The genome file --genome chicken_ensembl.fa is optional.

It will produce three files:

chicken.genomeCoor.bed -- A simple version of the genome-based annotation file
chicken.transCoor.bed -- A simple version of the transcript-based annotation file
chicken_transcriptome.fa -- Transcriptome file

2. Read the annotation

import GAP
chicken_parser = GAP.init("chicken.genomeCoor.bed", "chicken_transcriptome.fa")

Another way is to read the GTF file directly.

chicken_parser = GAP.initGTF("chicken.gtf", genomeFile="chicken_ensembl.fa", source='Ensembl')

3. Get all mRNAs

mRNAs = chicken_parser.getmRNATransList(); print len(mRNAs)
# 30252
print mRNAs[:5]
# ['ENSGALT00000005443', 'ENSGALT00000005447', 'ENSGALT00000013873', 'ENSGALT00000001353', 'ENSGALT00000001352']

It shows that chicken has 30252 mRNA transcripts.

4. Get GAPDH gene id and transcripts

GAPDH_gID = chicken_parser.getGeneByGeneName("GAPDH"); print GAPDH_gID
# ENSGALG00000014442

GAPDH_transcripts = chicken_parser.getTransByGeneID(GAPDH_gID); print GAPDH_transcripts
# ['ENSGALT00000046744', 'ENSGALT00000086833', 'ENSGALT00000023323', 'ENSGALT00000086032', 'ENSGALT00000074237', 'ENSGALT00000090208', 'ENSGALT00000051222', 'ENSGALT00000054080', 'ENSGALT00000089752', 'ENSGALT00000085687']

## Print all transcript gene type and length
for tid in GAPDH_transcripts:
	trans_feature = chicken_parser.getTransFeature(tid)
	print tid, trans_feature['gene_type'], trans_feature['trans_len']

# ENSGALT00000046744 protein_coding 1076
# ENSGALT00000086833 protein_coding 1122
# ENSGALT00000023323 protein_coding 1288
# ENSGALT00000086032 protein_coding 1302
# ENSGALT00000074237 protein_coding 1091
# ENSGALT00000090208 protein_coding 670
# ENSGALT00000051222 protein_coding 1179
# ENSGALT00000054080 protein_coding 1498
# ENSGALT00000089752 protein_coding 434
# ENSGALT00000085687 protein_coding 991

5. Get UTR and CDS region of longest transcript of GAPDH

## Method 1
ft = chicken_parser.getTransFeature("ENSGALT00000054080")
cds_start, cds_end = ft['cds_start'], ft['cds_end']
GAPDH = chicken_parser.getTransSeq("ENSGALT00000054080")
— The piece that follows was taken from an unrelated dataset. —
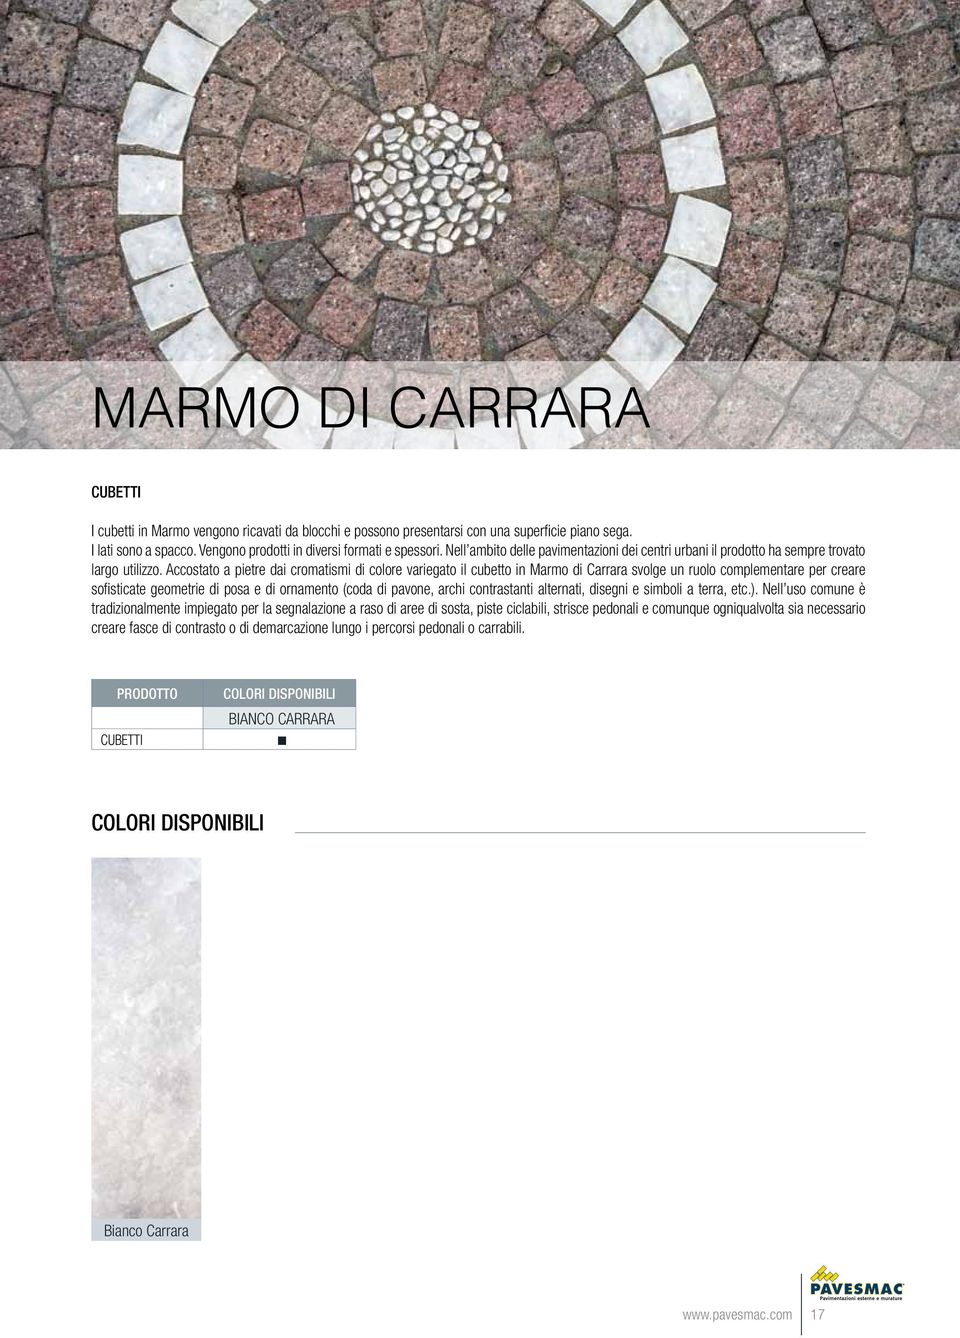 Accostato a pietre dai cromatismi di colore variegato il cubetto in Marmo di Carrara svolge un ruolo complementare per creare sofisticate geometrie di posa e di ornamento (coda di pavone, archi

UTR_5 = GAPDH[:cds_start-1]
CDS = GAPDH[cds_start-1:cds_end]
UTR_3 = GAPDH[cds_end:]

## Method 2
print chicken_parser.showRNAStructure("ENSGALT00000054080")

6. Get genome coordination of GAPDH start codon

chrID, chrPos, strand = chicken_parser.transCoor2genomeCoor("ENSGALT00000054080", cds_start)
print chrID, chrPos, strand
# ['1', 76953317, '+']

It shows that GAPDH start codon is located at 76953317 of positive strand of chromosome 1

7. Find and label all GGAC motifs in GAPDH

## Get Sequence
seq = chicken_parser.getTransSeq("ENSGALT00000054080")

## Collect motif sites
locs = []
start = 0
while 1:
    start = seq.find("GGAC", start+1)
    if start == -1: break
    locs.append(start)

## Label
for loc in locs:
    print str(loc)+"\t"+chicken_parser.labelRNAPosition("ENSGALT00000054080", [loc,loc])

Subjects

Init a GAP object

There are two ways to init a GAP object:

Convert the GTF or GFF3 file to a *.genomeCoor.bed file and read it;

Read the GTF or GFF3 directly.

Method 1 -- Parse GTF/GFF3 file

parseGTF.py -g chicken.gtf -o chicken -s ensembl --genome chicken_ensembl.fa

The --genome is optional.

import GAP
chicken_parser = GAP.init("chicken.genomeCoor.bed", "chicken_transcriptome.fa")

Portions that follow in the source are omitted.